MLIS Capstone Details
The Degree Final Project for MLIS students is completed via a Capstone project. The Capstone experience involves identifying an information problem in a real-world setting and developing the means to address it. Capstone projects can be research-oriented or design-oriented. Solutions are typically interactive, meaning the end product is something that can be implemented and used.
Goals for the Capstone experience include:
- Define the information problem or opportunity
- Determine what techniques to use to master this information problem or opportunity
- Synthesize all aspects of the information problem; integrate people, technology and information
- Make a positive difference for the community; be it a business, school, library, hospital, or other organization
- Choose a topic or focus you are passionate about
The Capstone course involves the following components:
- LIS 596 Capstone I (2 credits)
- Analysis and preliminary design of an approved individual or group research or implementation project demonstrating professional-level knowledge and skills.
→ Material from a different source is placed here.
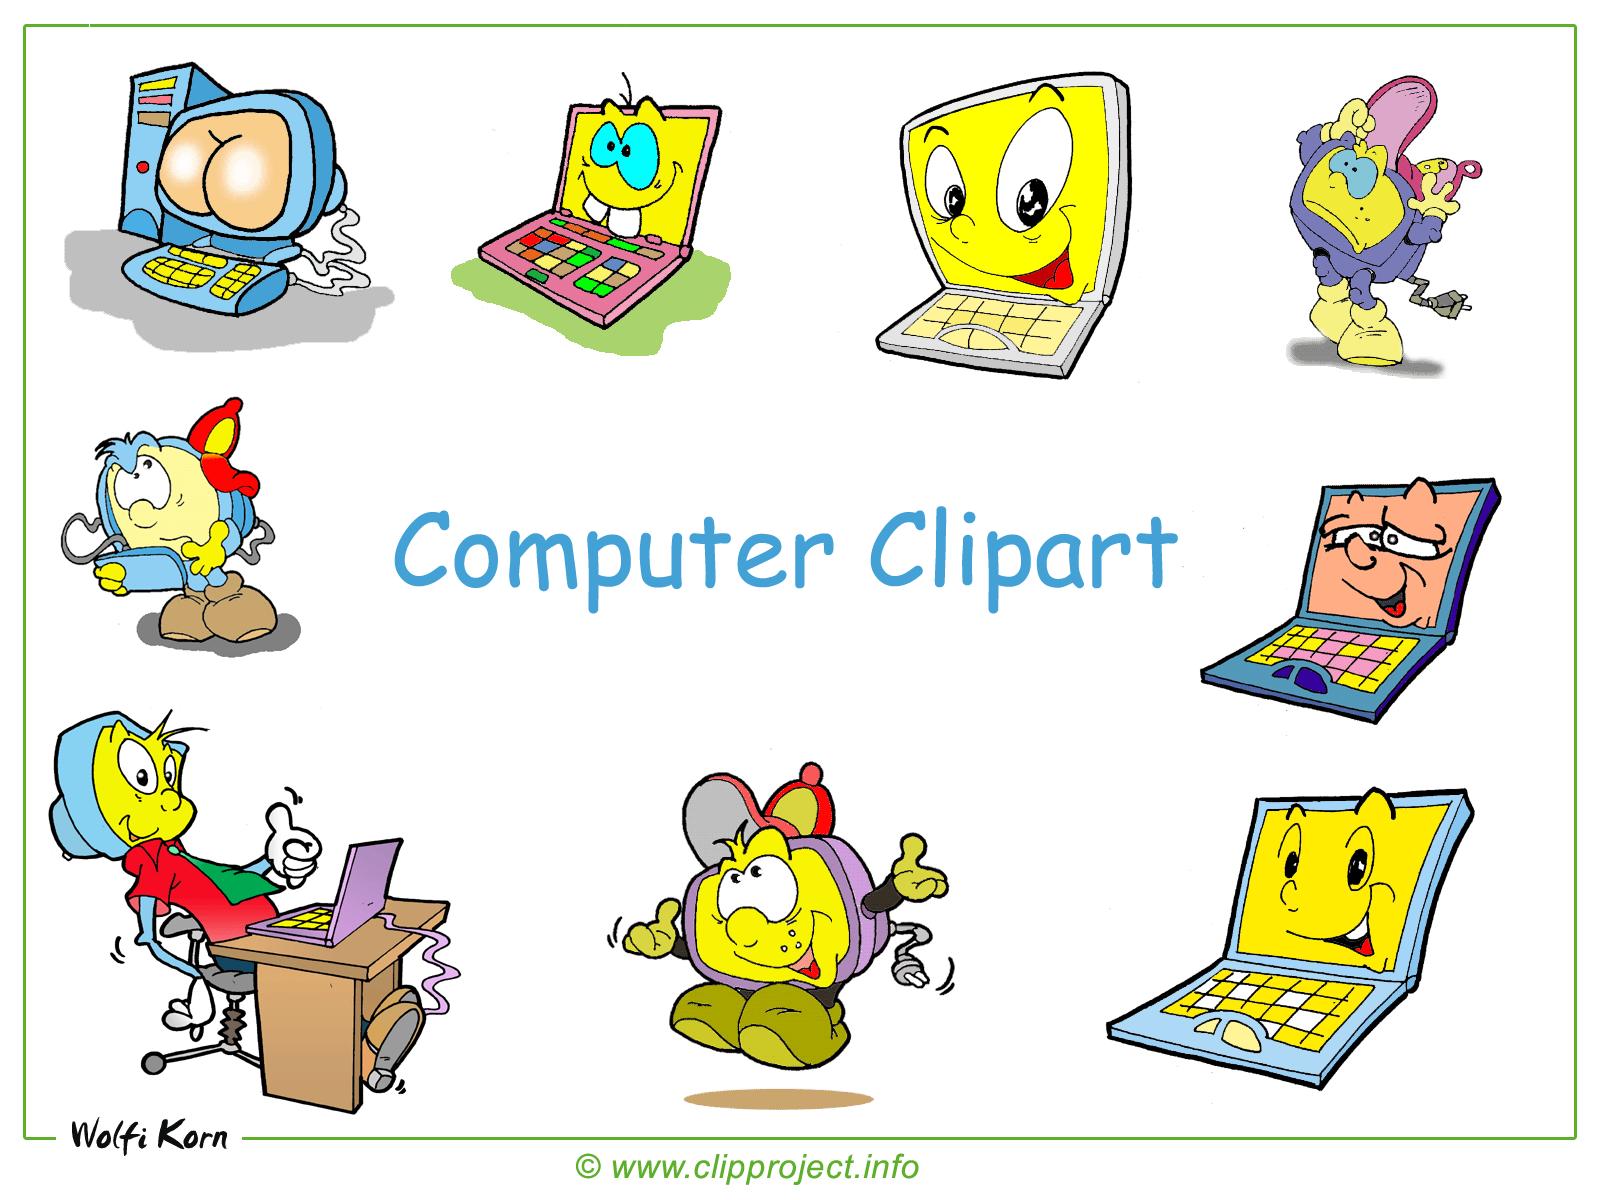 Desktop Backgrounds Clip Art Images in high Resolution for free.

- Taken in winter quarter.
- LIS 597 Capstone II (3 credits)
- Implementation of a project demonstrating professional-level knowledge and skills based on a project plan developed in LIS 596.
- Prerequisite: LIS 596.
- Taken in spring quarter.
Capstone is celebrated in an event in late May/early June, featuring oral and written presentations. View Capstone archives, including past event programs.
Capstone Information Sessions take place each autumn and spring. Info sessions generally cover how to decide on a project, identify a sponsor, and form a team; human subjects considerations; and how to prepare for the start of the Capstone course. In addition, student groups and outside organizations host Capstone sessions to promote potential sponsorships and projects.
- Capstone Prep Session recording for students pursuing Capstone in winter/spring 2016
- Presentation from the Capstone Info Session
For specific details about Capstone guidelines, information about locating a team or project sponsor, and more, current MLIS students should visit the Capstone section of the MLIS Student Resources Canvas site.
The primary goal of your Capstone project is to demonstrate your mastery of the knowledge that you have gained in your program. You may emphasize different components of your learning, but will be expected to show how all your education has contributed to the solution you come up with for your problem. Examples might include:
- Develop a system design for adoption by the client and include socio-technical evaluation.
- Do a requirements study for the creation and integration of taxonomies in an information management system and provide recommended solution for adoption by the client.
- Build a policy portfolio for an organization in a specific information management area.
- Conceive and design a new department for an organization that centralizes the management of information resources and create a plan for how to get the department established.
- Perform a system integration between two data systems that requires you to map between the schemas of each system, draw data from each and produce a unified view.
- Assess the information needs of a group of people. Determine where in the organization the information all exists and design a methodology for drawing it all together into a unified view.
- Perform an information inventory across a large and diverse set of documents.
- Create a system design for the incorporation of taxonomies in a portal or web UI of client’s product.
- Do a requirements study incorporating needs assessment, analysis of technologies, proposed solution, ROI.
- Analyze a defined collection of information in its existing state and usage. Develop a set of recommendations for expanding or shifting the focus of the collection, including the means for description, cataloging and tracking of the collection. Include a review of existing and potential technologies.
- Assess a program by defining metrics and providing an analysis of the success of the program through various measures.
- Research best practices for information vendor assessment and synthesize to produce a set of recommendations.
- Design mobile/virtual service for users of a given library. Analyze technology, hosting options and modes of delivery.
For any project, think in terms of the deliverables you will provide to document the end result of your work, and make sure that you have scoped the project well enough to come up with some concrete products at the end of the quarter. They may be interim reports, a finished product or a completed project plan ready for approval.